PrzemyslawKlys commented 1 year ago

no, i mean you are testing this with event ID 5136 which is a group policy object change. Try different ID, something with add computer, delete computer etc

Hrmms, looking at the logs... 

                <QueryList>
                    <Query Id="0" Path="ForwardedEvents">
                        <Select Path="ForwardedEvents">
                                (*[System[EventID=5136]]) and (*[System[EventRecordID=7488468]])
                        </Select>
                    </Query>
                </QueryList>

Matches exactly this:

param(
    $eventid = 5136,
    $eventRecordID = 7488468, # 425358 ,
    $eventChannel,
    $eventSeverity
)

So it means that you are testing this manually with "wrong id". FInd an even in your forwarded logs that exists, enter it into this params, once you execute this manually - it should work.
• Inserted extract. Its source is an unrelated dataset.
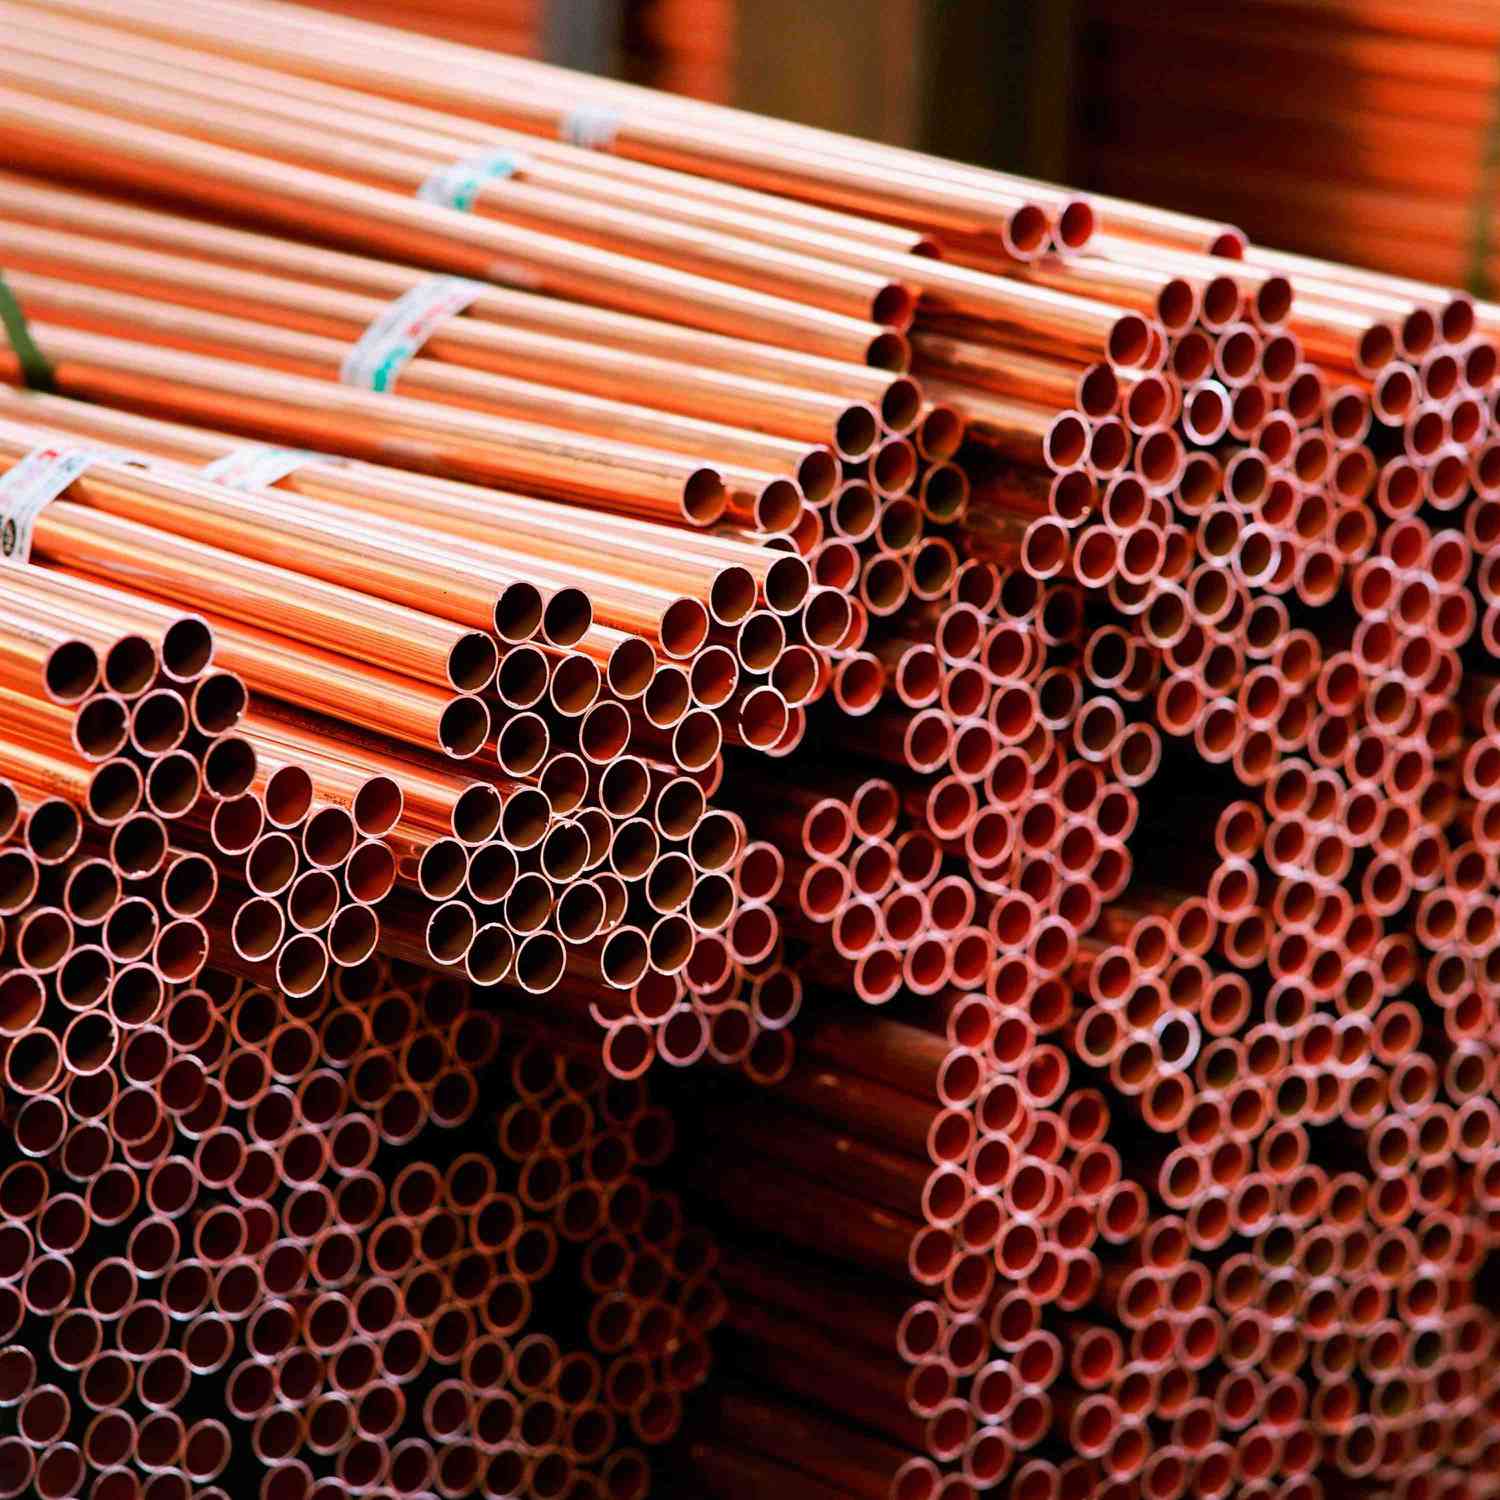 How Is Copper Used In Construction

If it works, then you need to set it up properly.

jay7981 commented 1 year ago

sorry for the late response, its been crazy at work so i have been real busy. Can i just omit the param section all together and have it report ALL AD events?

jay7981 commented 1 year ago

Over all my goal is to have it email a daily report for the AD changes that happened the day before and have teams post all changes live as they are made. What is the best way/script to accomplish this?
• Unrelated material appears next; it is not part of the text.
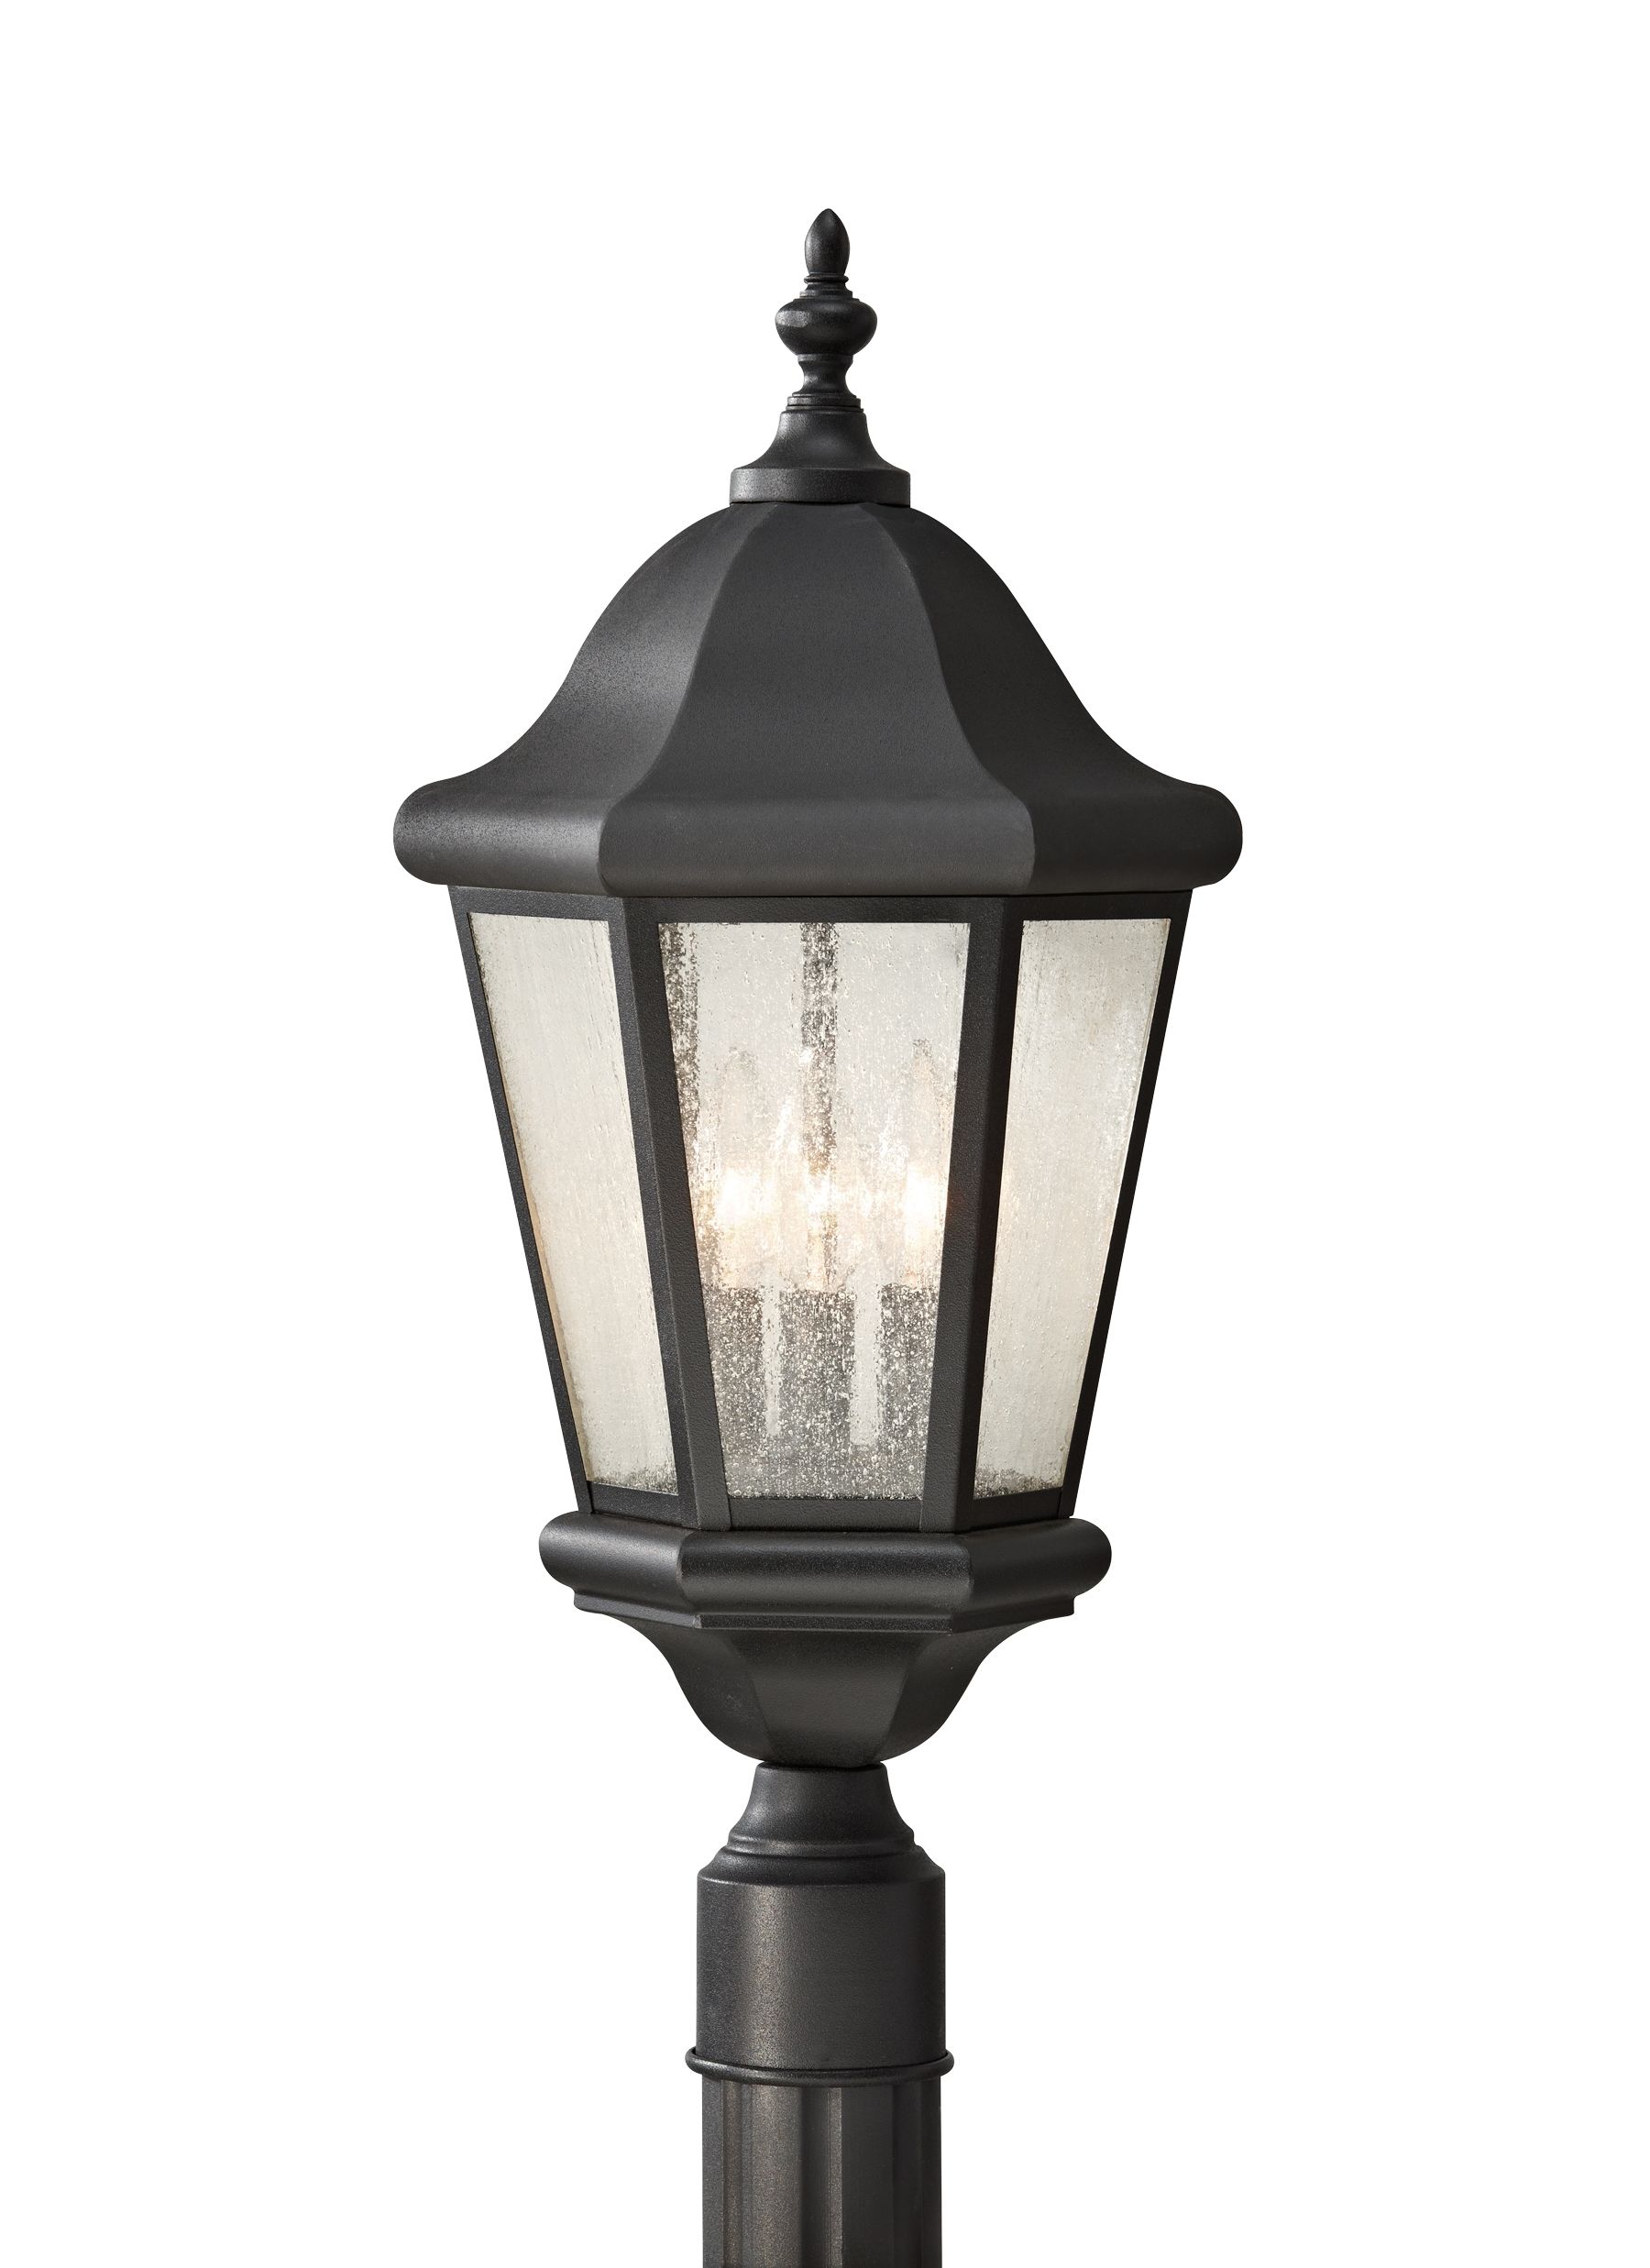 Ol5907bk,3 Light Outdoor Lantern,black Intended For Outdoor Lanterns On Stands (Photo 12 of 20)

PrzemyslawKlys commented 1 year ago

The way it works is that param section is critical, because you are not supposed to trigger it manually.

The process is described here: https://evotec.xyz/pswinreporting-forwarders-microsoft-teams-slack-microsoft-sql-and-more/

In short:

  1. Setup forwarding on all your domain controllers into a single machine so all relevant security logs ar sent to this particular ForwardedEvents log
  2. Go to that forwarded events log and see if new events from all DCs show up in it
  3. Pick one of the events - note the Event Record ID and Event ID and enter those into param block into the script
  4. Run the script manually in VSCode or ISE.
  5. You should get notification - if it works, your script is ready for production.

Now what you need to do is setup Task scheduler that will be assigned to that ForwardedEvents log. What will happen is that for every single event that shows up in that log - it will trigger a script with relevant event id and eventrecordid

Import-Module PSWinReporting -Force
Import-Module PSSharedGoods -Force
$TaskName = 'ForwardedEvents'
$TaskPath = '\Event Viewer Tasks\'
$Author = 'EVOTEC'
$URI = '\Event Viewer Tasks\ForwardedEvents'
$Command = 'powershell.exe'
$Argument = @('-windowstyle hidden', 'C:\Support\GitHub\PSWinReporting\Examples\RunMe-TriggerOnEvents.ps1', '-EventID $(eventID) -eventRecordID $(eventRecordID) -eventChannel $(eventChannel) -eventSeverity $(eventSeverity)')
Remove-TaskScheduledForwarder -TaskPath $TaskPath -TaskName $TaskName
Add-TaskScheduledForwarder -TaskPath $TaskPath -TaskName $TaskName -Author $Author -URI $Uri -Command $Command -Argument $Argument

In other words your DCS will be sending all events to a central place, and for every event they send the script will trigger with specific id, specific event. The param values will be overwritten and the block is required.